On retiendra surtout l’apparition d’un formidable attaquant, en la personne de Zlatan Ibrahimovic, joueur euro-bosniaque tonitruant et roboratif, né («oui») à Malmö en 1981. L’homme évolue en pointe à l’Ajax d’Amsterdam. Il occupe la même position au sein de l’équipe de Suède, qui a terrassé lundi soir (5-0) des Bulgares comme enlisés dans le yoghourt. Zlatan à gauche, Zlatan à droite, Zlatan au centre, le feu-follet, massif et athlétique, donnait le tournis aux Balkaniques – que l’on avait pourtant prédit plus opiniâtres.
Intrigués par la performance du grand gaillard, nous sommes allés visiter le site lancé par ses fans. Où l’on apprend que sa mère se prénomme Jurka et son père Sefik; qu’il a quelques demi-frères et demi-soeurs. Où l’on constate qu’il vit «dans une maison à Diemen, près d’Amsterdam». Où l’on se rend compte que Zlatan possède une Porsche Turbo, une Ferrari 360 et une BMW X5, que son lieu préféré sur terre est son lit, qu’il préfère la cuisine chinoise, et le jeu ISS 2 sur sa console vidéo.

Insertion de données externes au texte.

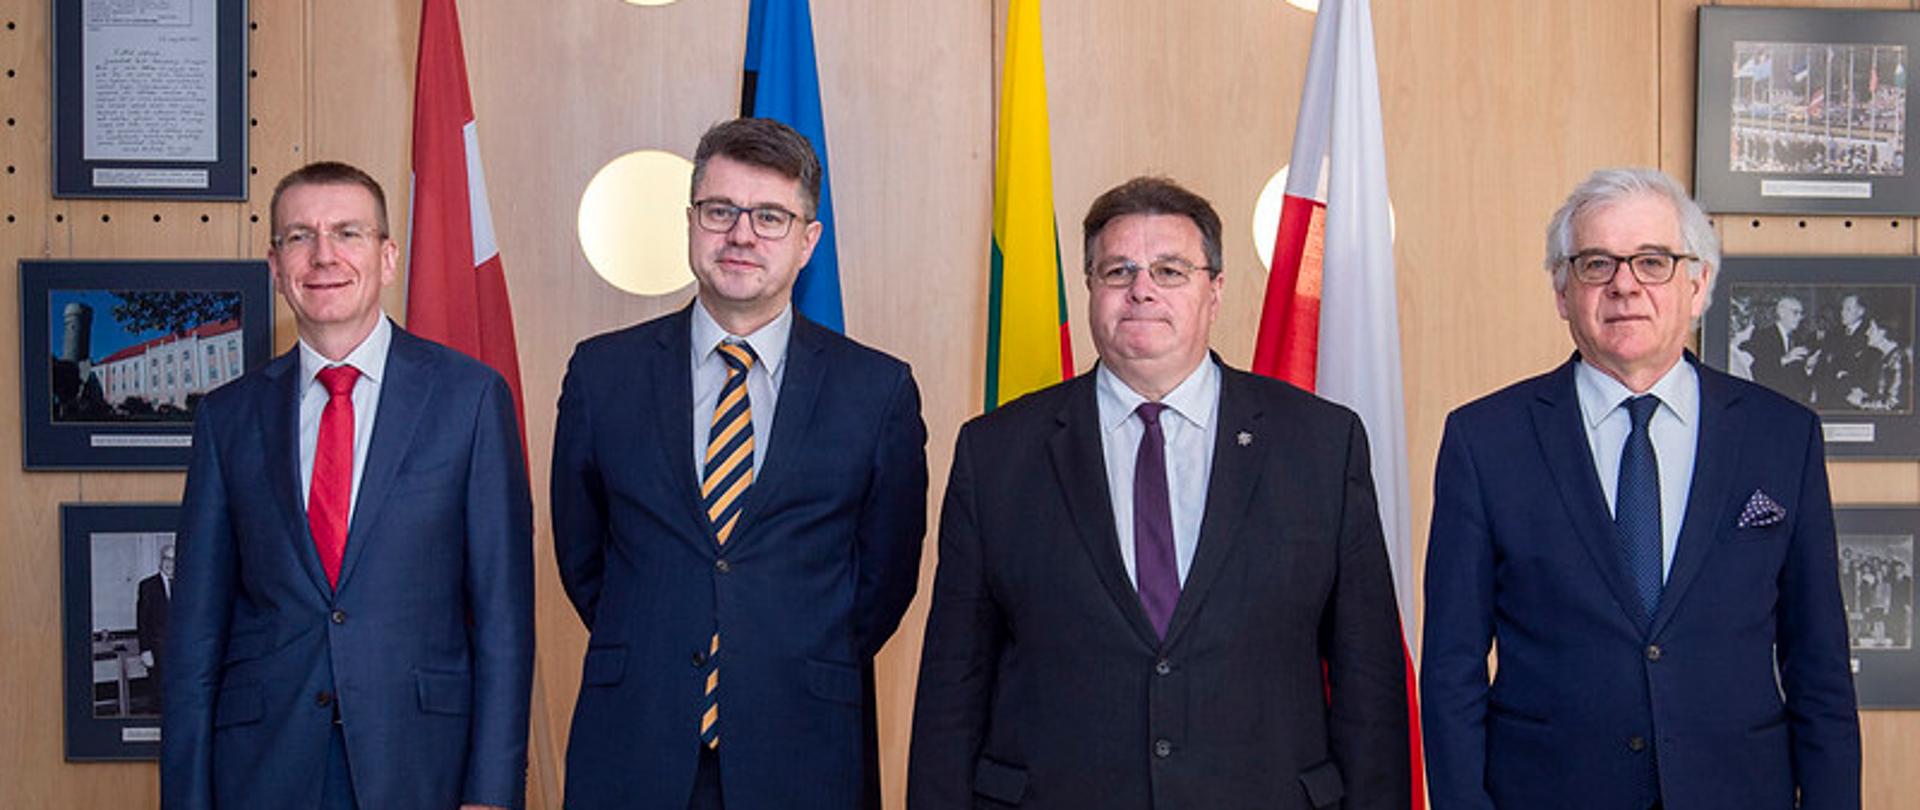 Spotkanie ministrów sz Polski, Litwy, Łotwy i Estonii w Tallinnie 2 czerwca

Où l’on relève enfin que sa planète culturelle s’inscrit dans un cosmos animé par Robinson Crusoé et le film «Gladiator». Voilà pour le CV, banal dans le milieu. Il a fait de Zlatan un millionnaire du ballon. Il aurait aussi pu faire de lui un chômeur, dans le port d’Amsterdam. C’est tout le miracle du football: si Zlatan progresse dans le tournoi avec l’adroite phalange suédoise, il rendra fous de bonheur les chômeurs de Sarajevo.